### Your goal
Write out the entries below exactly, but only from the line containing "Plakát Startuje hokejové" through the line containing "dish on base, white marble", and without the pictures.

### Dataset content
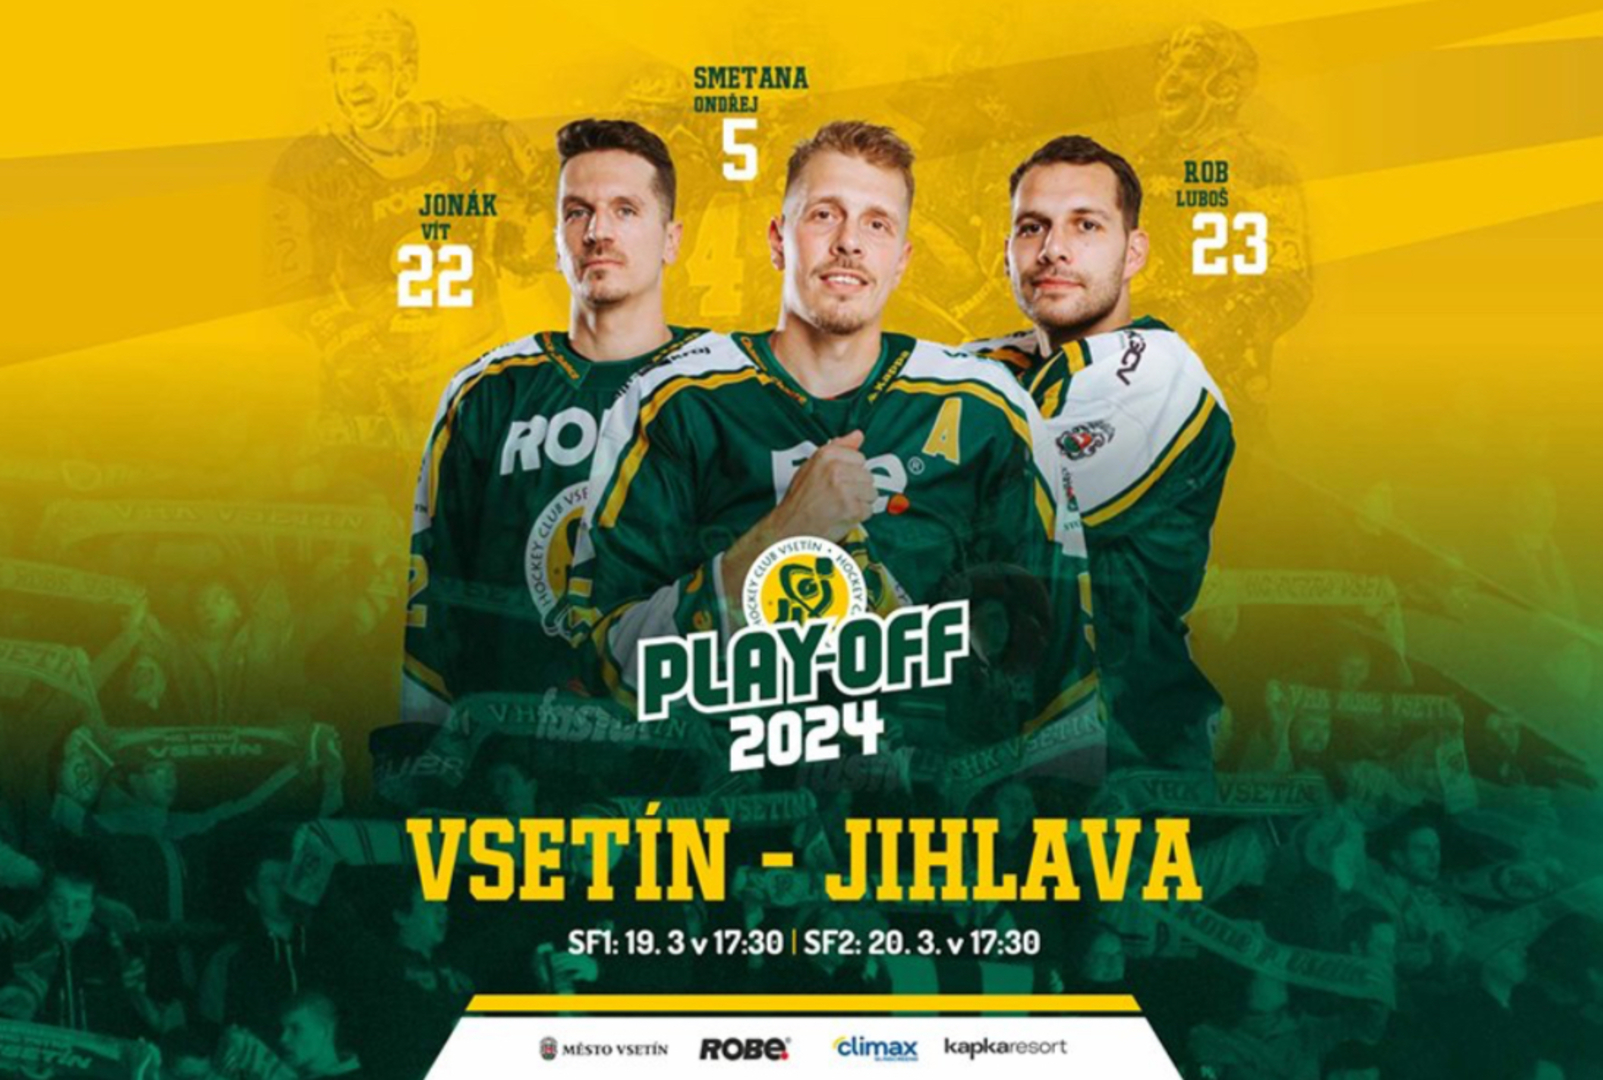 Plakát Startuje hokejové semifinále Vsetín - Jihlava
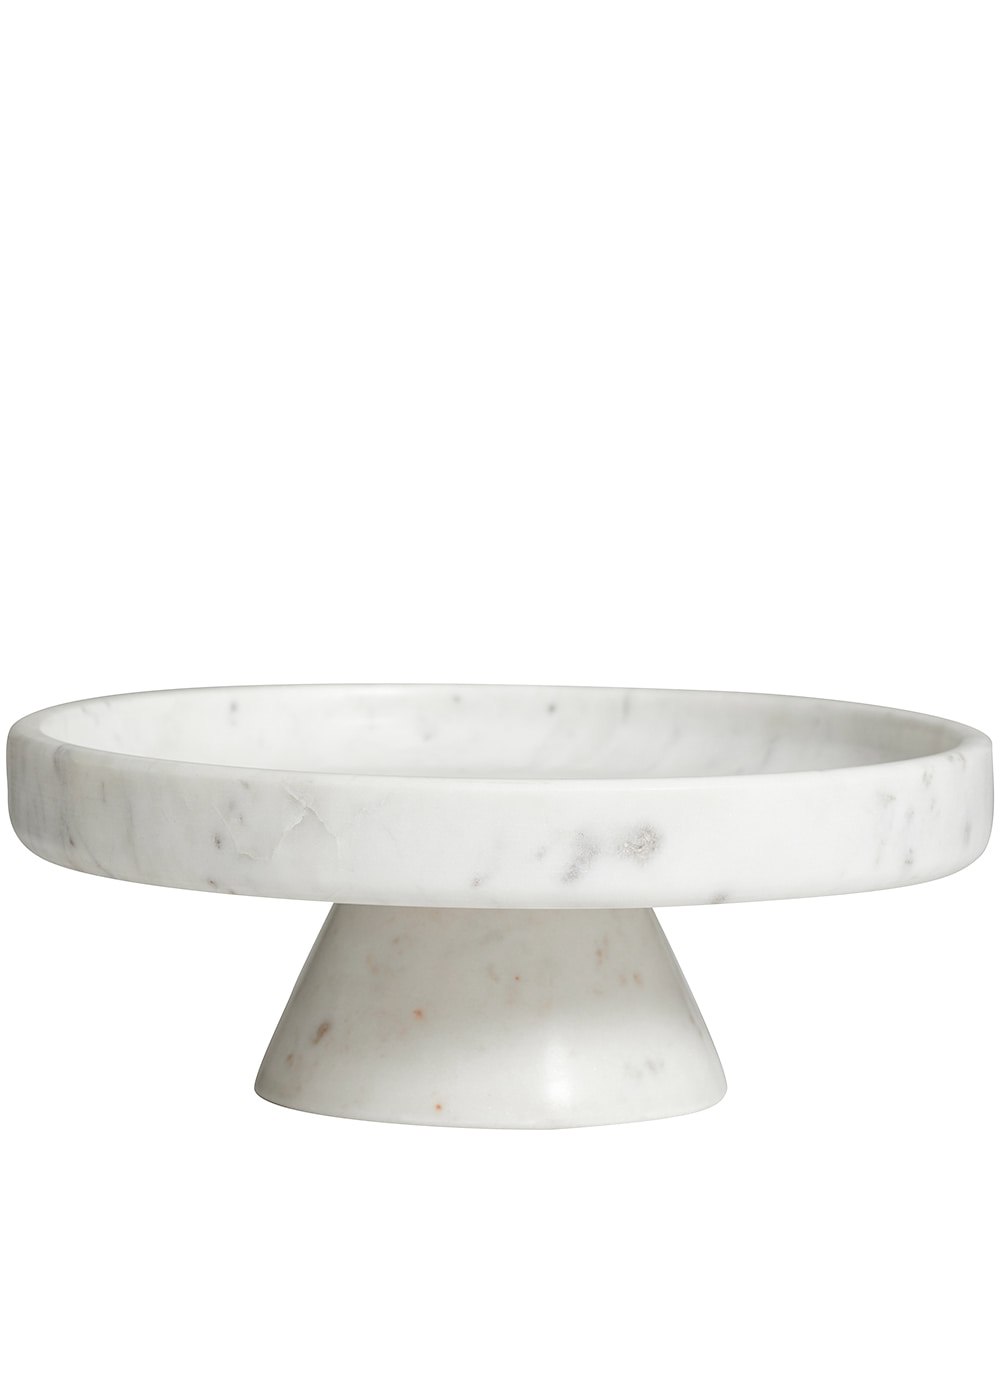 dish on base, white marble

---

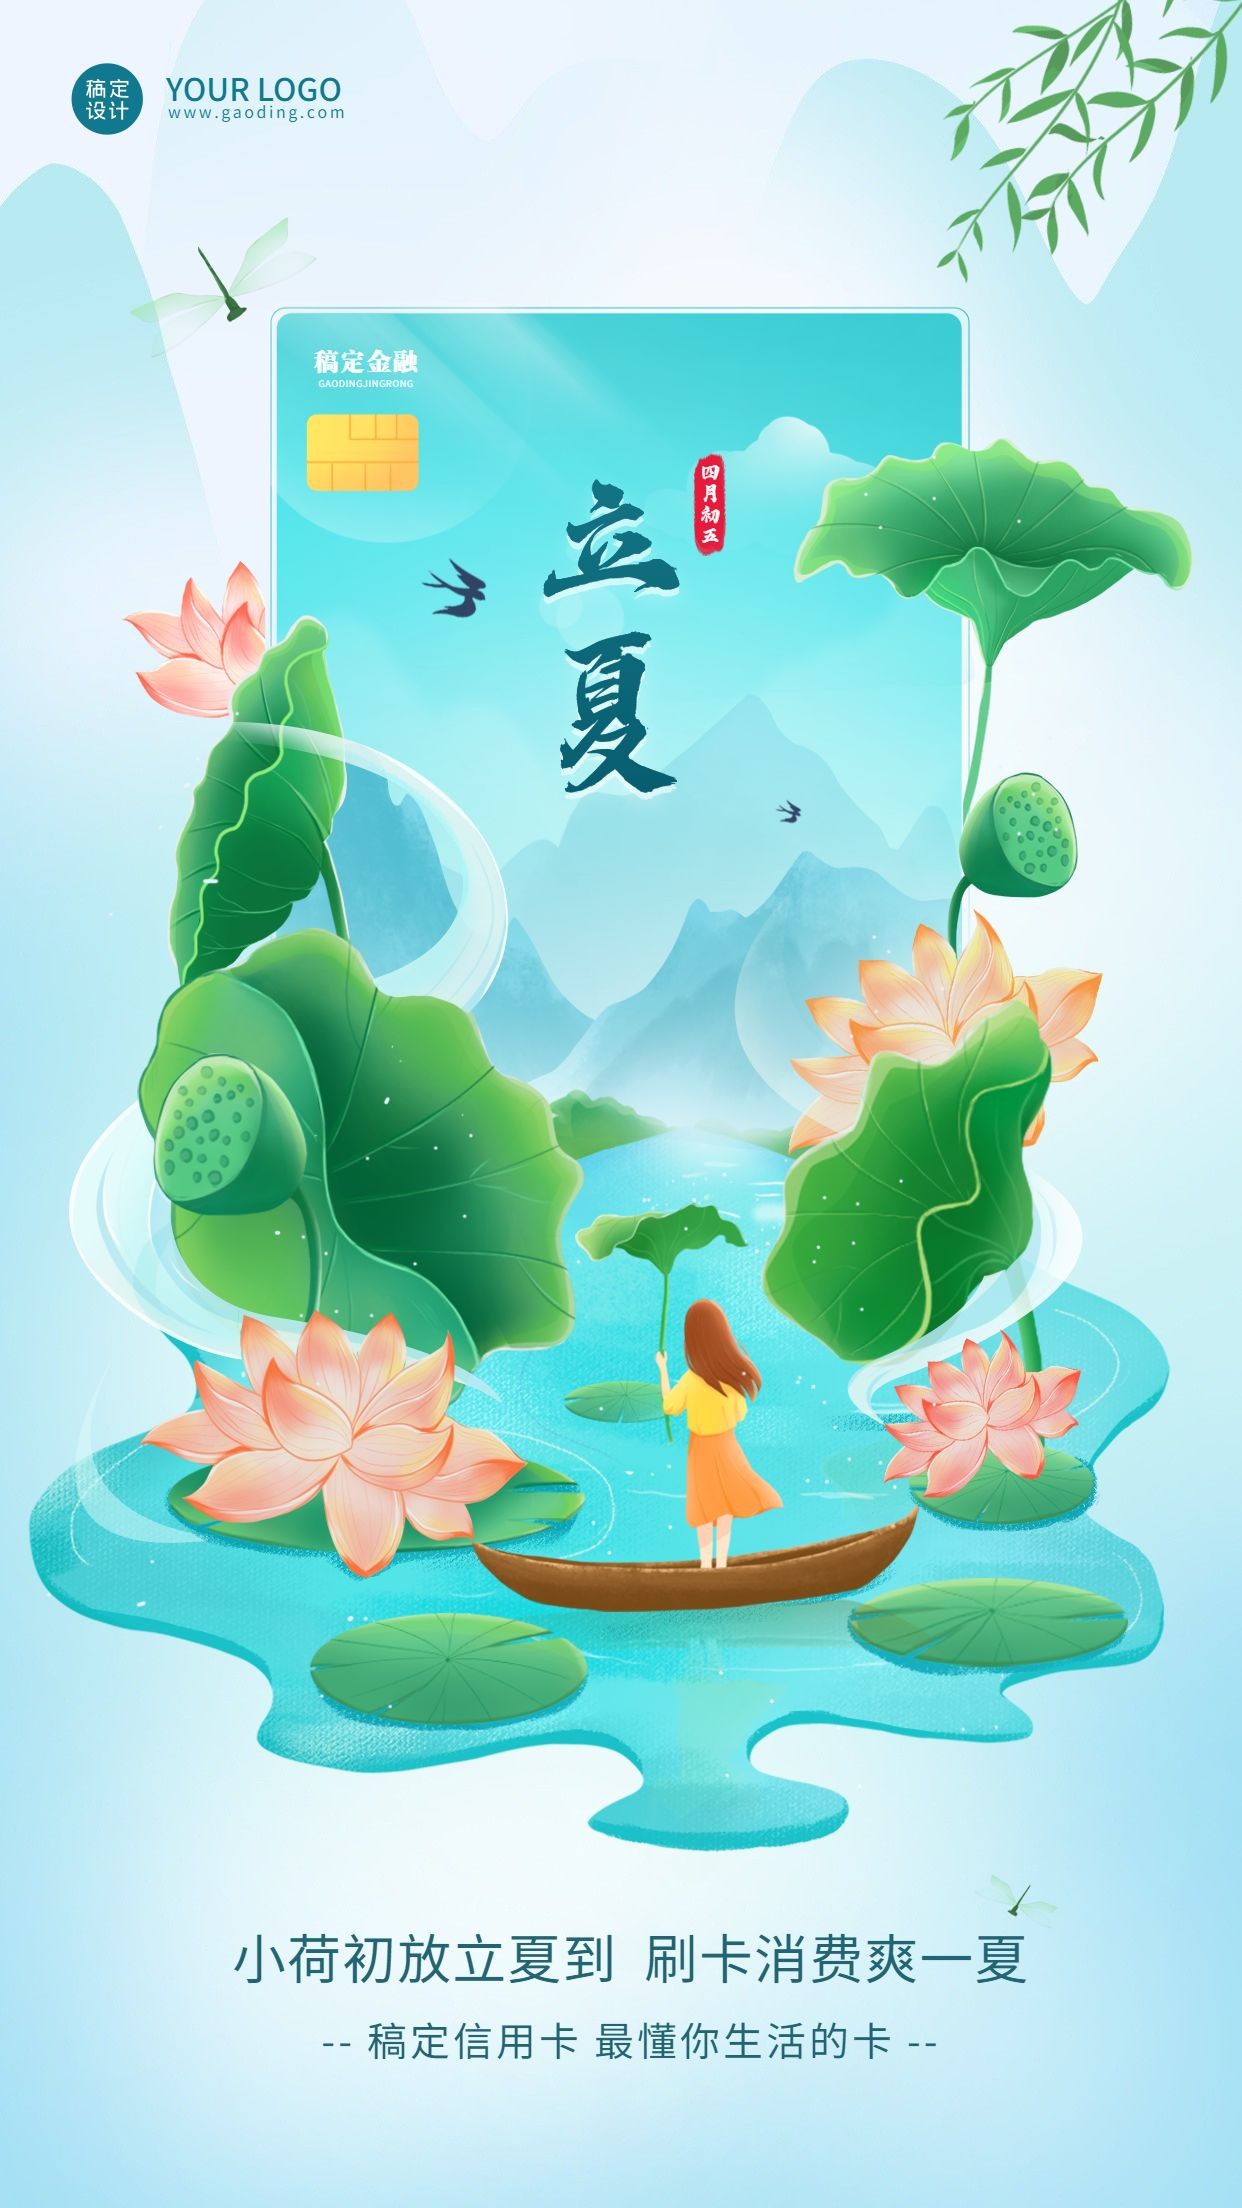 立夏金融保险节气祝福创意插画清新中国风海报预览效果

### Solution to this problem
 Plakát Startuje hokejové semifinále Vsetín - Jihlava
 dish on base, white marble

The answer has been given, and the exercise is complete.